And when you dismiss all data that doesn't agree with you-- which is what you're doing-- then it is completely impossible to ever overturn your conspiracy theory that all the science ever done on climate happens to be wrong.
In fact, it's not. This is currently the best hypothesis that fits the data, including the dates. There may be a better hypothesis later. This is the way science is done; you gather data, make a hypothesis that fits the data, and see if later work confirms or overturns the hypothesis.

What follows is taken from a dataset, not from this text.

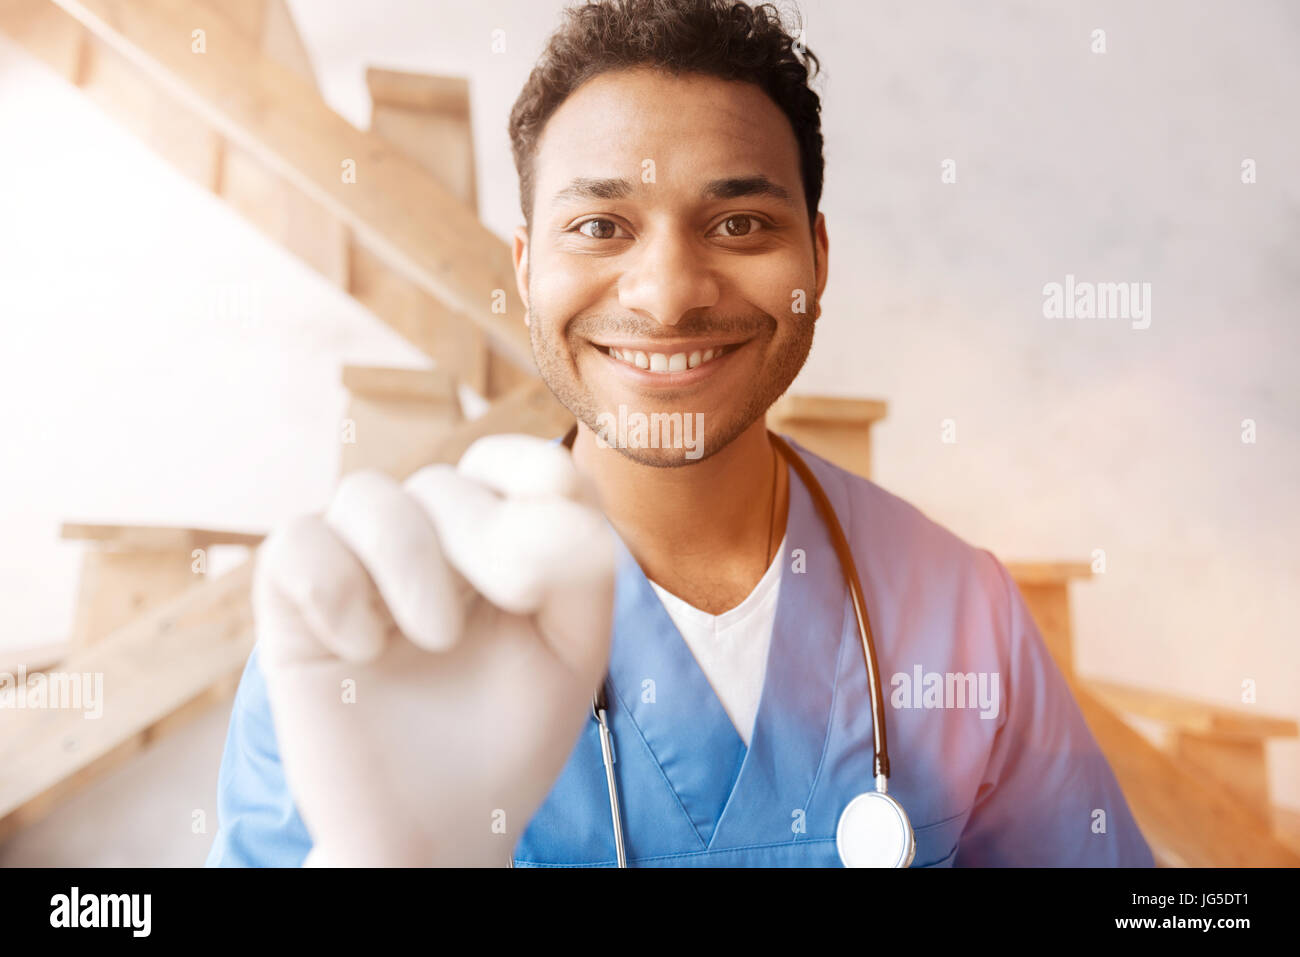 Lächelnder Mann in medizinischen Uniform tun checkup Stockfoto

Paleoclimate resesearch, and most specifically modelling the climate variations in the late middle ages is indeed difficult, because not only don't we have contemporary measurements of all the input parameters, we don't have good measurements of the temperature, either. (Modelling contemporary climate is much more accurate-- we have lots of data on both the input (the solar output is well measured) and the climate (not just average temperatures, but diurnal variation, seasonal variation, latitude and longitude variation, etc. all of which must fit the modelling, although the AGW debaters only ever look at the year-by-year changes.)
The paper referenced, however does use a pretty convincing proxy for temperature change in the little ice age: they looked at the dead flora preserved in the Arctic ice cap. This dates the little ice age to a start in 1375-1400, with a second cooling period around 1450 AD. That is about the time when the Vikings abandoned their settlements in Greenland (they kept Church records; the last document in Greenland (a marriage certificate) was dated 1408.)
Unfortunately, this is THREE HUNDRED YEARS before the Maunder minimum. So it's really hard to think that the Maunder minimum caused the little ice age.
So, here's the summary.
1. There is no well-understood mechanism connecting sunspot numbers to climate.
2. The only connection between the Maunder minimum and the little ice age is a rough coincidence in timing.
3. But the more detailed examination of timing shows that the little ice age started much earlier.